— Ой-ой, боюсь, на вас сильно подействовала болезнь. Ну, бог с ними, с курами, павлинами и прочей живностью. Но если вы не станете есть, я попрошу хозяина прислать кого-нибудь присматривать за вами, как вам это понравится?

— Нет, Троттер, мне это совсем не понравится, — встрепенулся в своем кресле Бургесс. — Я терпеть не могу доставлять людям хлопоты и не люблю, когда… трогают мои вещи, — помявшись, добавил он.

Тилли живо представила себе, что стало бы с мистером Бургессом, если бы кто-то попытался навести порядок в его комнате, где почти ничего не было, кроме книг, большая часть которых лежала где попало. Но все же кое-что она сделала: наносила угля и дров, вылила помои, наполнила ведра свежей водой. Закончив, Тилли вымыла руки в маленькой миске, стоявшей на маленьком столике в дальнем конце комнаты.

— Кажется, собирается дождь, — вытирая руки, заметила она, бросив взгляд в окно, — и темнеть начинает. Мне пора уходить, но вы должны пообещать, — она встала перед его креслом, — что съедите все, что в этом буфете, — она показала на шкаф в стене, из которого ей пришлось вынуть книги, чтобы освободить место для продуктов. — Если не удастся завтра, я загляну к вам послезавтра.

Мистер Бургесс промолчал, но, когда она пожимала протянутую на прощание руку, он тихо сказал:

— Стольким людям вы приносите счастье, Троттер.

— И неприятности тоже, как выясняется, мистер Бургесс, — ответила она без тени улыбки.

— Об этом не надо беспокоиться. Люди сами навлекают на себя беды. Источник бед — их образ мыслей. А вы оставайтесь сами собой и идите своим путем, и в один прекрасный день вы займете подобающее место, — он несколько раз медленно кивнул, подчеркивая свои слова. — Мои предчувствия почти всегда оправдываются. И я давно предчувствую, что наступит день, когда счастье улыбнется вам.

В словах его прозвучала такая искренняя убежденность, что у Тилли перехватило дыхание. Она торопливо надела пальто и старую соломенную шляпку, которую носила уже много лет.

— Берегите себя, договорились? — подхватывая корзинку, попросила Тилли.

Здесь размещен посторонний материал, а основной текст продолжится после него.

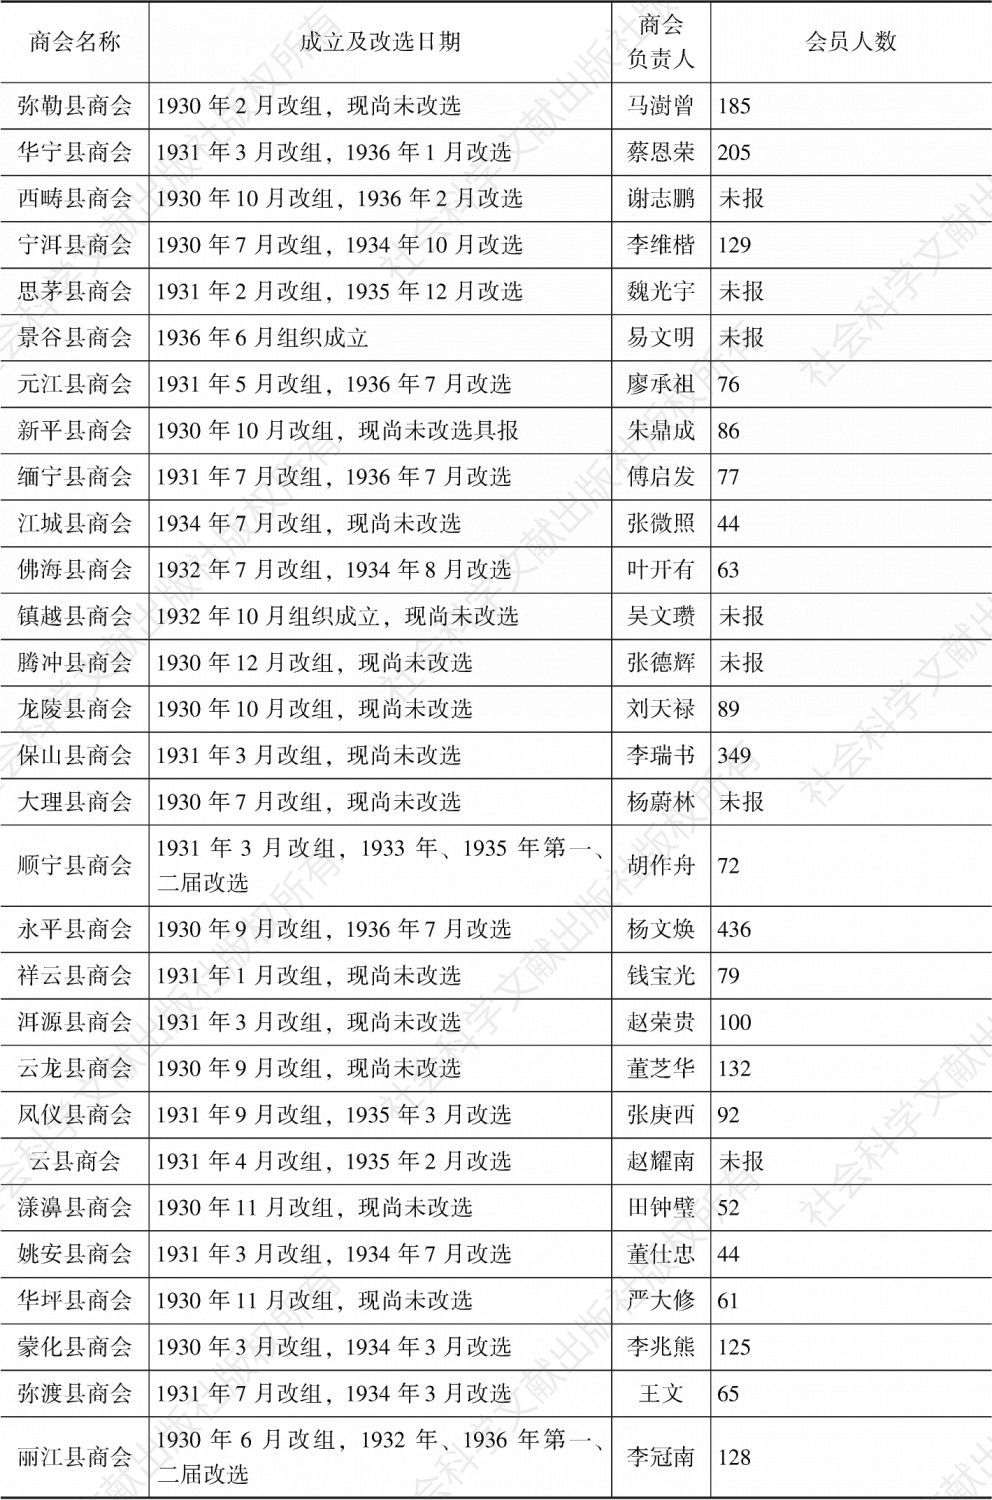 表3-1 1936年云南各地商会一览表-续表2

— Да, да, конечно, моя милая, я буду стараться. Поблагодарите хозяина за заботу и передайте, что я скоро вернусь к своим обязанностям.

— Он так обрадуется этому, ему скучно без вас.

— И я без него скучаю. Я нашел в нем интересного собеседника.

Они некоторое время молча смотрели друг на друга, потом распрощались, и она вышла за дверь.

Заметно похолодало, так что у Тилли даже перехватило дыхание. Пасмурный день быстро клонился к вечеру, и надвигающиеся сумерки заставили ее ускорять шаги.

От дома мистера Бургесса тропинка шла к двум дорогам: одна вела в Шильдс, другая — в Джэрроу. По одну сторону дороги в Шильдс крутой склон тянулся до общинных земель. А дальше по верху небольшой ложбинки проходила полоса леса, за которой начиналось имение. Она пришла сюда этим путем и этой же дорогой возвращалась.

В лесу царил полумрак, а в некоторых местах было почти темно, но это ее не пугало. После кромешного мрака шахты даже ночь казалась ей достаточно светлой.

Она миновала последнее большое дерево, росшее у края лощины, и тут сердце у нее ёкнуло и замерло дыхание: из-за дерева вышел мужчина загородил ей дорогу. Минуту они стояли, молча глядя друг на друга. Когда перед ней возник Хал Макграт, крик родился у нее в груди, но замерший в горле вздох не дал ему вырваться наружу.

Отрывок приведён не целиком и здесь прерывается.